Despite a booming economy, strong consumer confidence and record-breaking stock market, America’s lending community finds itself confronting a wide range of real—and potential—challenges.
The issues facing lenders nationwide present an environment that requires nimble business skills and the ability to adopt to an ever-evolving marketplace.
Near the top of the list of challenges confronting lenders is—not surprisingly—a wide array of both state and local regulations, and the related expenses of ensuring compliance with all of them. Time and again, industry experts point to what they believe to be ‘over-regulation’ as a significant contributing factor to the expense of servicing a home loan.

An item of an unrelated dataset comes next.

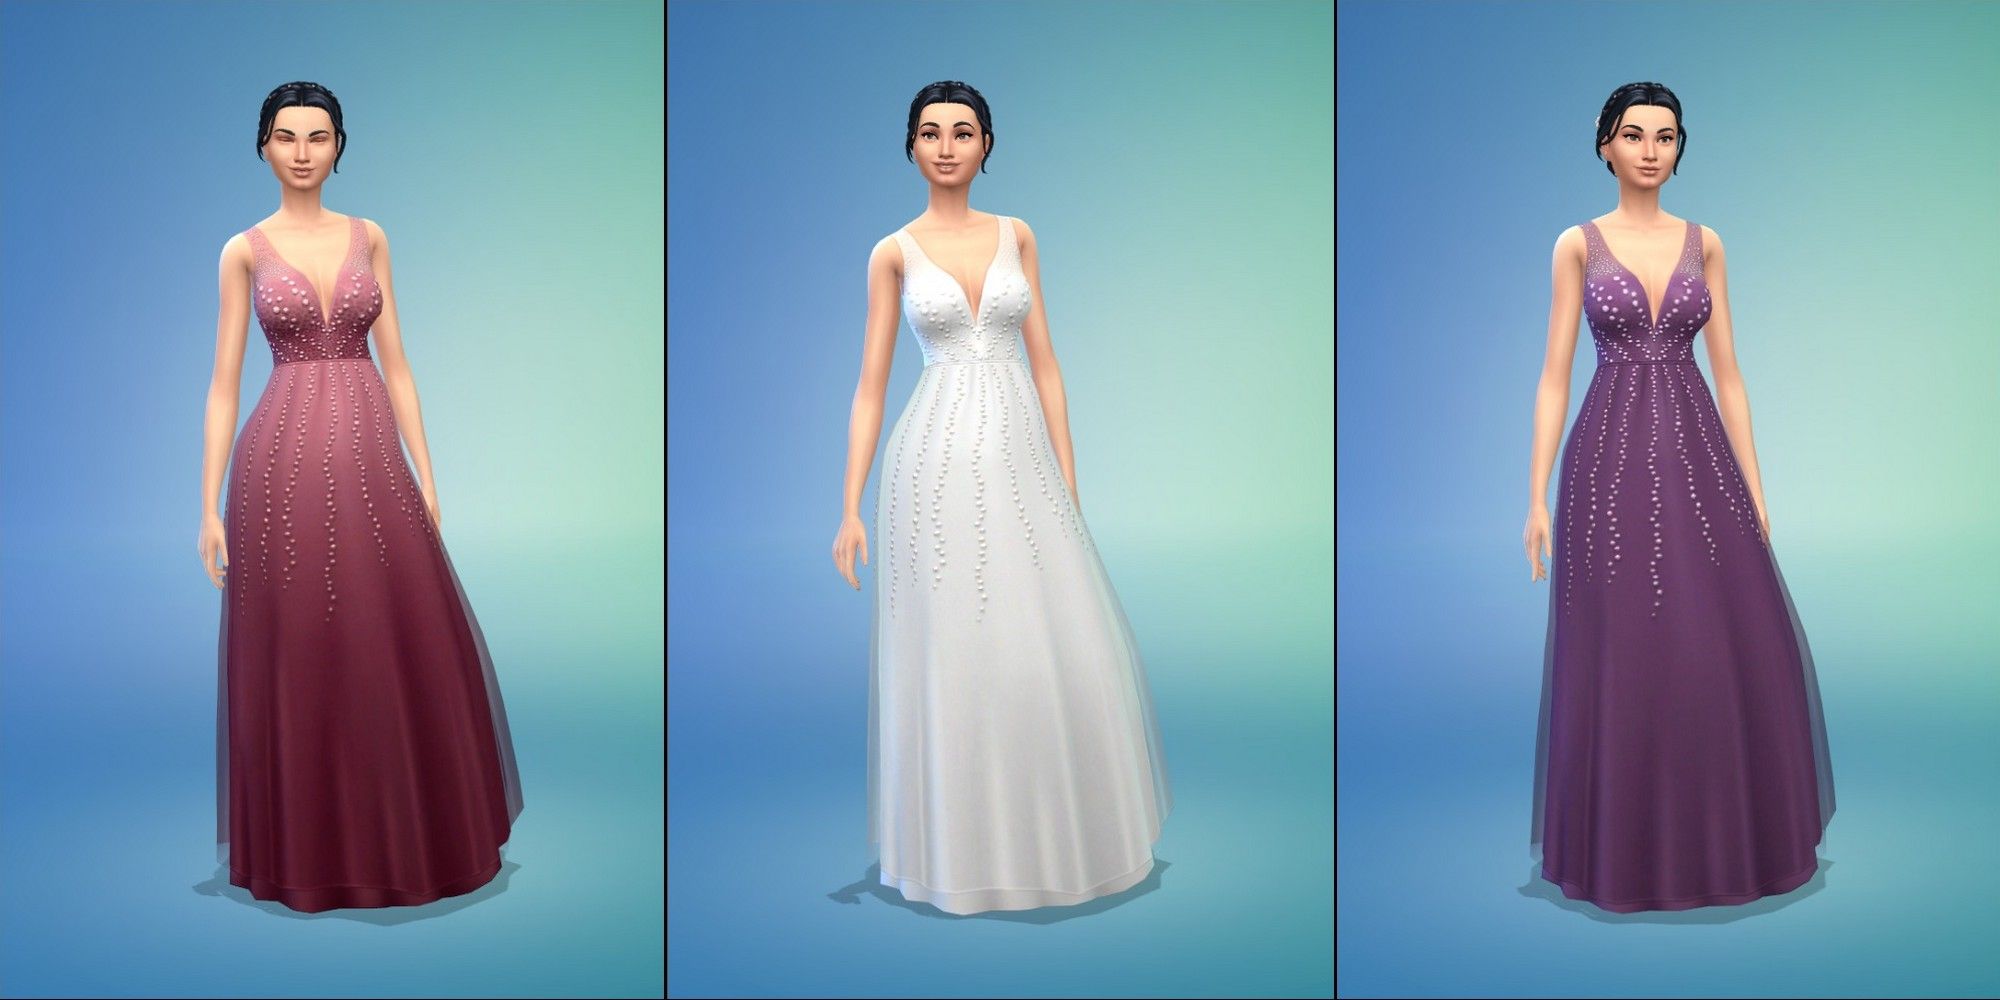 Sims 4 Wedding Dress Deep V No Sleeve Beads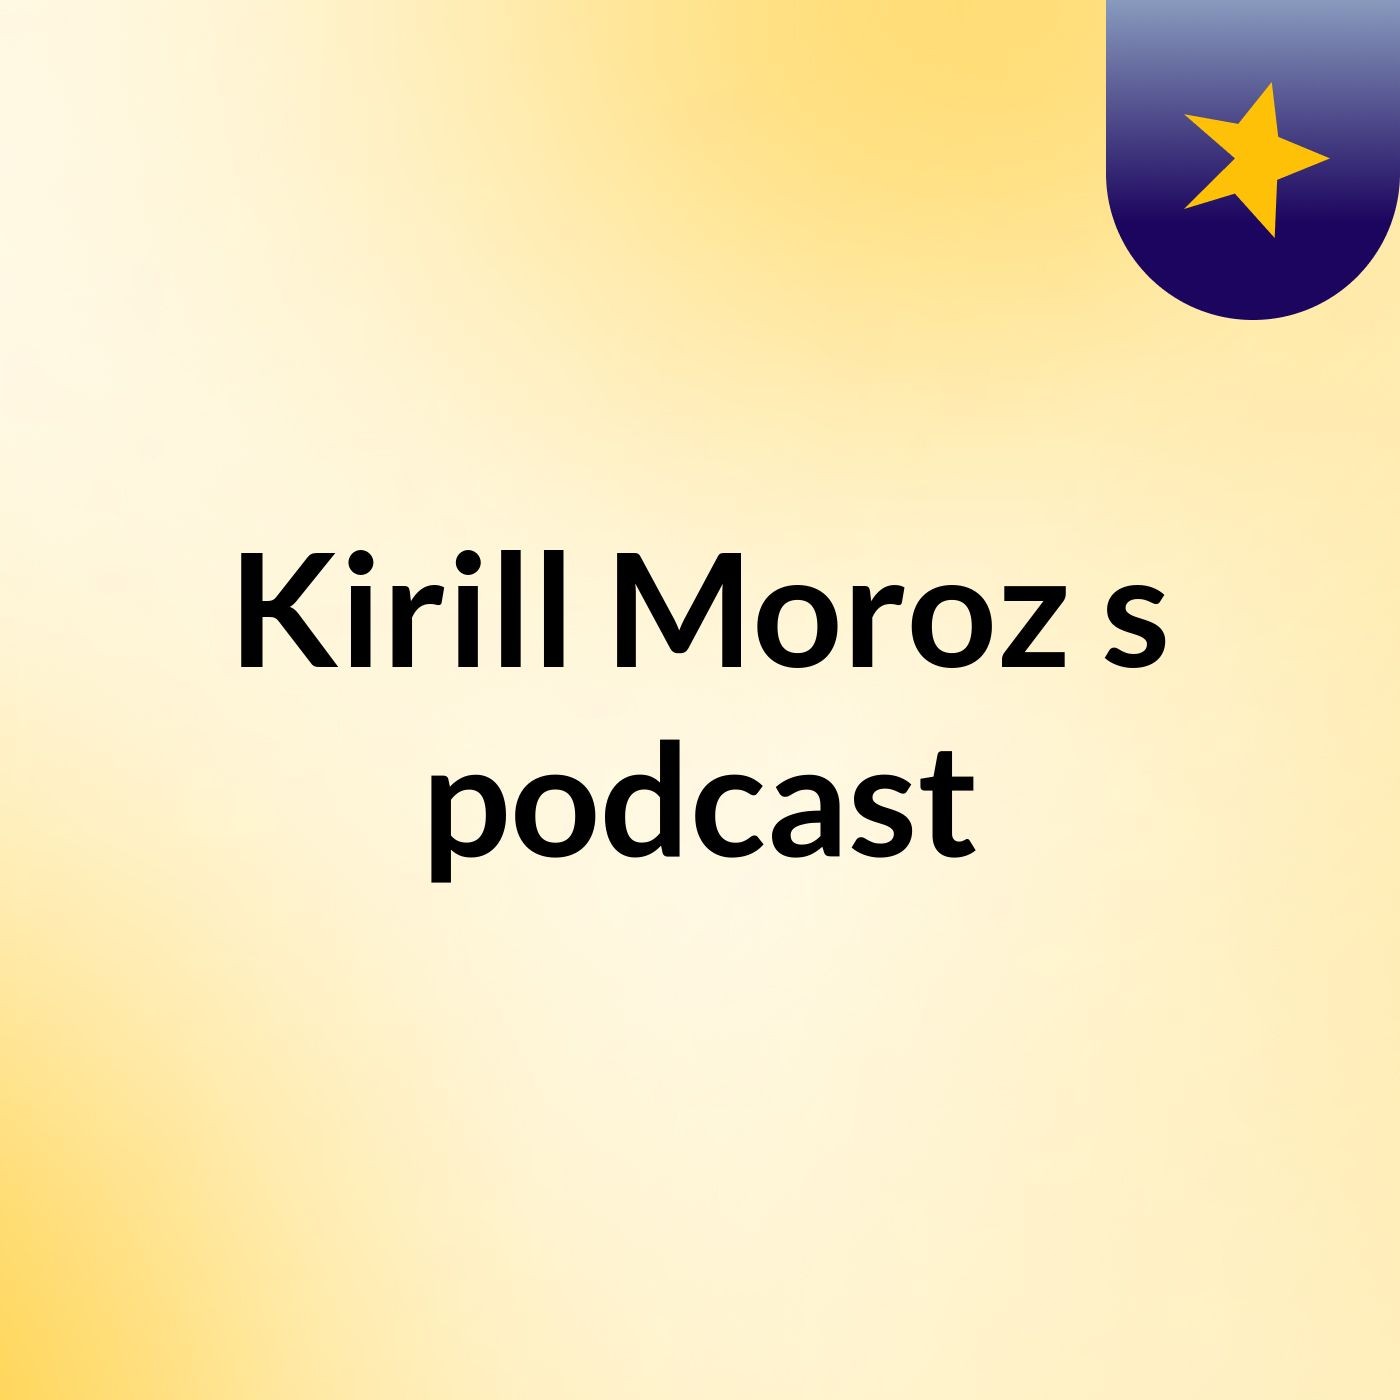 Kirill Moroz's podcast

The statistics would appear to support that theory: according to the Mortgage Bankers Association, the cost of servicing a home loan has risen considerably in recent years; the MBA reports that the average cost of servicing a performing loan jumped from $59 in in 2008, to $181 in 2015. The increase was even sharper for non-performing loans: in 2008, the average cost of a non-performing loan was $482, rising by 500 percent by 2015 to $2,386.00
Many within the lending community point to 2010’s Dodd-Frank legislation as a prime culprit for the escalation in costs.
Of course, there are several additional factors at play that either are currently—or have the potential to—impact the American lending sector. Rising interest rates—with promises of more to come—are almost certain to impact the cost of home purchases, as well as consumers’ willingness to assume the responsibility of a large mortgage.
Some industry experts believe that declining volumes in new loan originations—down from $2 trillion last year to a likely $1.6 trillion this year, has resulted in tightening of secondary markets for loans and mortgage servicing rights—known as MSRs.
There are also multiple ongoing issues confronting the lending sector, most of which were not limited to either 2016 or this year.
Rapidly evolving technology is impacting the way consumers think—and act—when considering loan origination, as it pertains to purchasing a new home. Technology is also altering the way consumers interact with loan originators; as consumers turn in greater numbers to originating loans online, building and maintaining relationships with clients becomes a greater challenge for lenders going forward.
Controlling costs is another ongoing challenge facing the nation’s lending community.
According to the MBA, while the cost of servicing a loan has gone up three-fold in the last 9 years, concurrently, in an effort to control costs, the lending sector has also reduced the time required to close on a loan—down from over 70 days to approximately 20 days.
Simplifying the lending process has also been a change (hopefully for the better) that has occurred in recent years. With the twin goals of reducing the complexity of operations and achieving full regulatory compliance, lenders have turned to technology as a key ingredient in being able to offer their clients a simplified lending experience.
Without question, lenders have also seen a loosening of mortgage credit since the ‘Great Recession’ reached its peak in 2008/2009. The MBA’s Mortgage Credit Availability Index (MCAI), using data from Ellie Mae, recently reported that the MCAI has increased by 0.3 percent in July to 179 (the index was benchmarked to 100 in March 2012).
Industry experts believe that one of the primary drivers of the hike in the MCAI in July was the increased availability of conventional mortgages.
It’s also worth noting that this month marks the 10th anniversary of what most experts believe was the ‘official’ beginning of the meltdown of the US housing sector.
In the summer of 2007, the now defunct Bear Stearns liquidated a hedge fund subsidiary specializing in mortgage assets; when French bank BNP Paribas later froze withdrawals from three mortgage-linked funds, red flags began to fly in t he housing sector.
While most industry observers believe the chances of a repeat of the calamitous collapse of the housing sector that took place a decade ago remains slim, one could well argue that one of the key “challenges” facing the lending sector is to learn from the lessons of recent history—and thereby avoid a repeat of 2008.